Last year, the fine folks at Super 7 put out a new set of Universal Monsters glassware, and I came up with some Universal-lee delicious adult beverages to fill them. You can read that column here.
That was so much fun, as Halloween rolled around this year, I wondered if I could repeat the task. “Four new delicious drinks?” the Fates screamed, laughing at the incompetence and lethargy of a mere mortal, “No way, Jose!”
To prove the Fates wrong, I consulted the Internet. I consulted my lovely wife, who selflessly volunteers to taste these new concoctions every year and prove they can’t kill anyone. I enlisted the aid of eminent Florida mixologist Grant Peyton, who really knows his stuff and can drink anyone under the Mason-Dixon line right under the table. (When it came to absinthe, we were on the same page, proving that great, inebriated minds think alike.) Thanks, Jan. Thanks, Grant. You both made these drinky-drinky drinkers even more scarier/hairier than last year... and drinkier... Halloweiner... Tippy-top-ee-er!
Because no one loves elaborate theming more than me, all of this year’s cocktails revolve around the works of Stephen King. Stephen King rules.
½ ounce White Rum
1 ½ ounce Golden Rum
1 ounce Dark Rum
½ ounce Peach Brandy
1 ounce grapefruit juice
½ ounce Rose’s lime juice
½ ounce Grenadine syrup
This variation on a classic Donn the Beachcomber recipe can be endlessly “played with” to suit an individual’s taste. Play around with the ratios until you pass out and/or howl at the moon. Remember, sometimes dead is better. Fill tall glass to the rim with ice. Combine all ingredients in a cocktail shaker and shake well for 30 seconds. Pour over ice. Meow. Crunch.

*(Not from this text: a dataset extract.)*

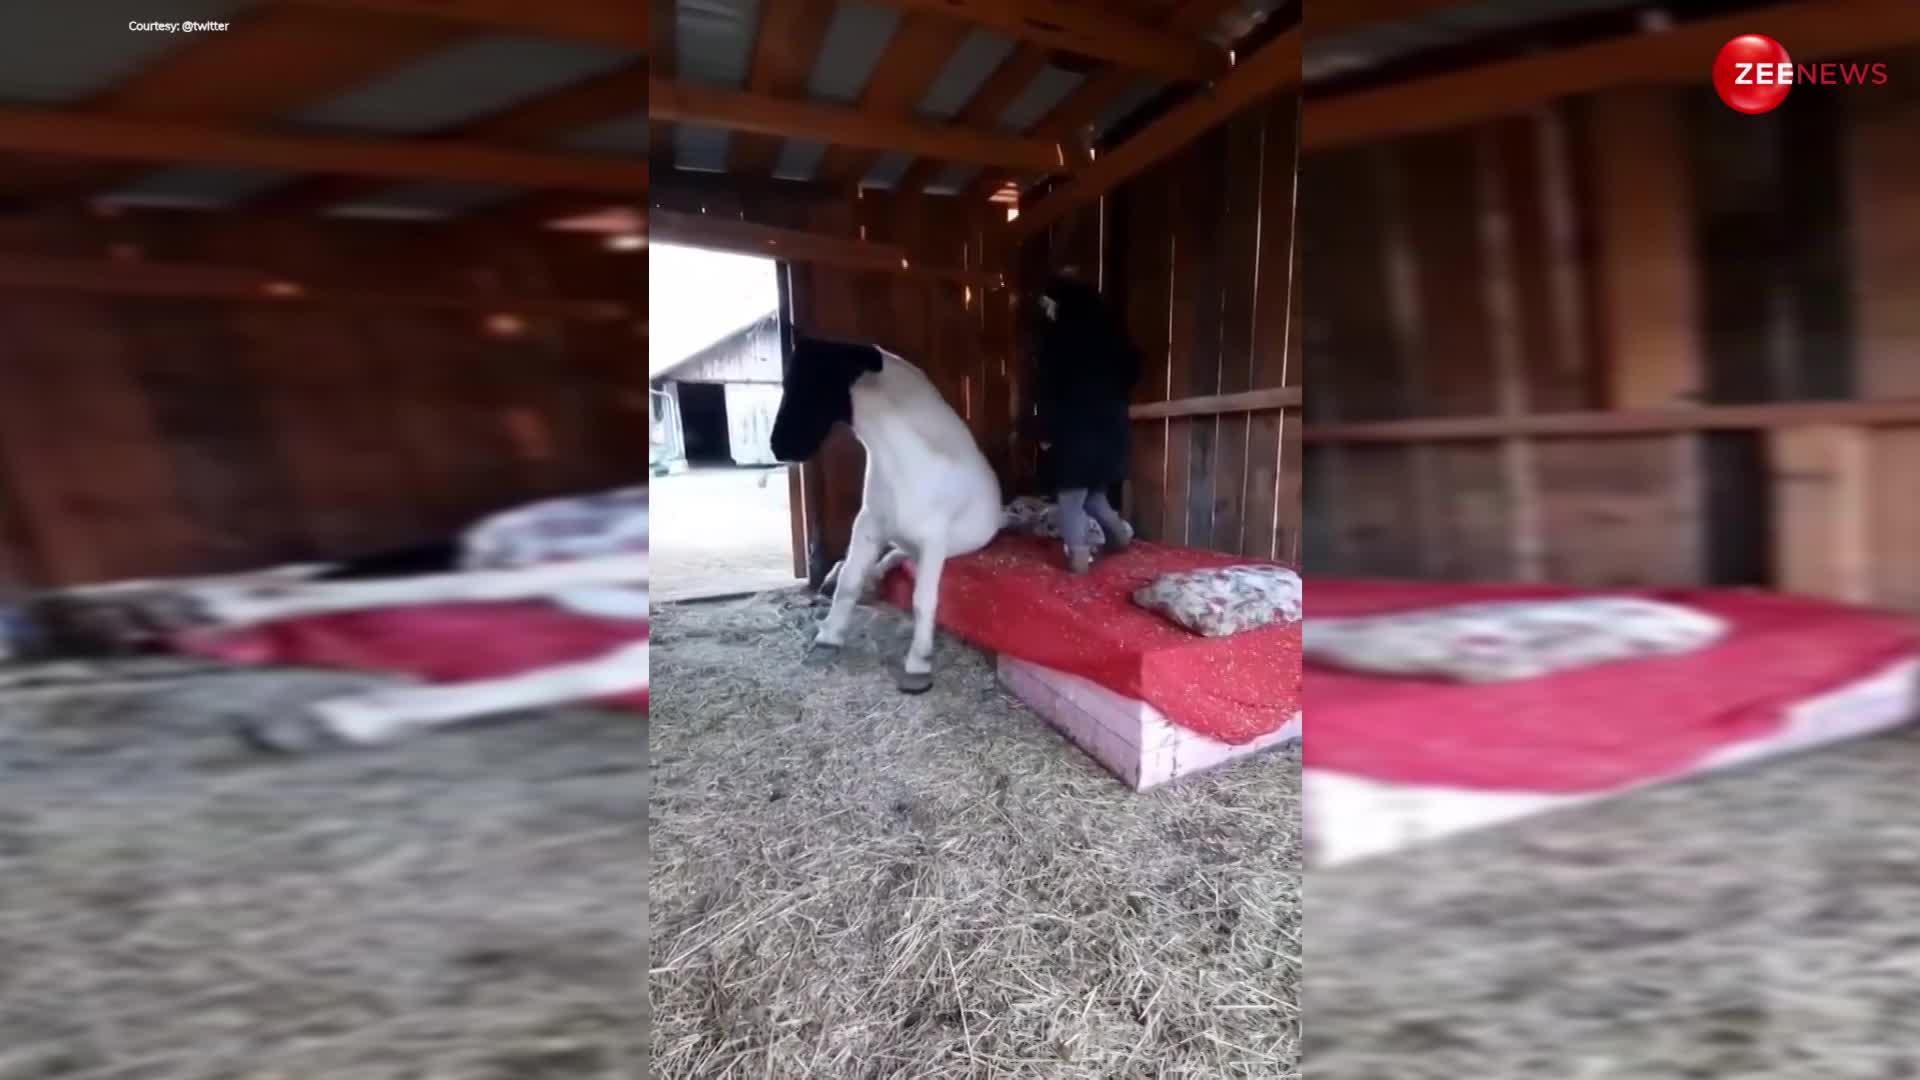 लोरी सुनाकर चादर ओढ़ाकर बेड पर घोड़े को सुलाने लगी लड़की, वीडियो देख लोग बोले- सो क्यूट

1 ounce Jack Daniels Tennessee Fire whiskey
1 ounce 151 Rum
2 ounces Apple Cider
I ounce Ginger Ale
Half a mandarin orange
¼ ounce Grenadine
Combine whiskey, cider, ginger ale and grenadine in a cocktail shaker; shake well. Pour contents over ice. Peel the half a mandarin orange so that the peel resembles a little boat. Float the orange peel boat in the drink and fill it carefully with 151 rum. Light the rum. Be careful. If there is any chance that you will light anything other than the rum, stop! Don’t do it! Safety First! When you grow tired of admiring the flame, “sink the boat” into the drink and stir. Yummy. This one is so crazy delicious that the ghost of George C. Scott playing John Rainbird is going to come looking for you!
4 ounces hot chocolate (We used Trader Joe’s. Yummy. Don’t skimp.)
1 ounce silver Tequila
½ ounce elderflower liquor
Make hot chocolate according to directions. Stir in Tequila and elderflower liqueur. Cut marshmallow in the shape of a book and use toothpick to draw pages on it with the hot chocolate. This is the “marshmallow manuscript” that you will float in the drink as a garnish. Later, Annie will grow so enraged by this cocky-doody manuscript that she will break both your legs. That’s going to hurt. The drink, on the other hand, is delicious and comforting.
1 ounce Gin
½ ounce Triple Sec
½ ounce sweet white Vermouth
¼ ounce absinthe
1 ounce Rose’s lime juice
1 ounce fresh-squeezed lemon juice
This one surprised the wife and I with how delicious it was. It actually tasted like a drink we would pay big money for in some fancy saloon. We think it was the absinthe, but it might just be... ratios.
ANNOYING HISTORICAL PAUSE: Harry Craddock, lead bartender at London’s Savoy Hotel is credited with inventing this drink in the 1920’s as a hangover cure. This was back when absinthe was legal. Absinthe was made illegal for almost fifty years; many people believe it was banned because it was a hallucinogen. WRONG! Turns out one of the ingredients of the original liqueur was tincture of wormwood... which was POISON! Modern absinthe is safe to drink... and delicious if used sparingly. Did I mention this cocktail was our favorite of the four?
Combine all ingredients except garnish in a cocktail shaker and shake vigorously. Pour over ice. Garnish with a strip of lemon peel. Drink. Savor. Revive! This cocktail even winds up the color of the mist in the Frank Darabount film. (Well, the color version.) Yummy. Sip. Sip. Slow down. What’s Thomas Jane saying, and why does he have that gun?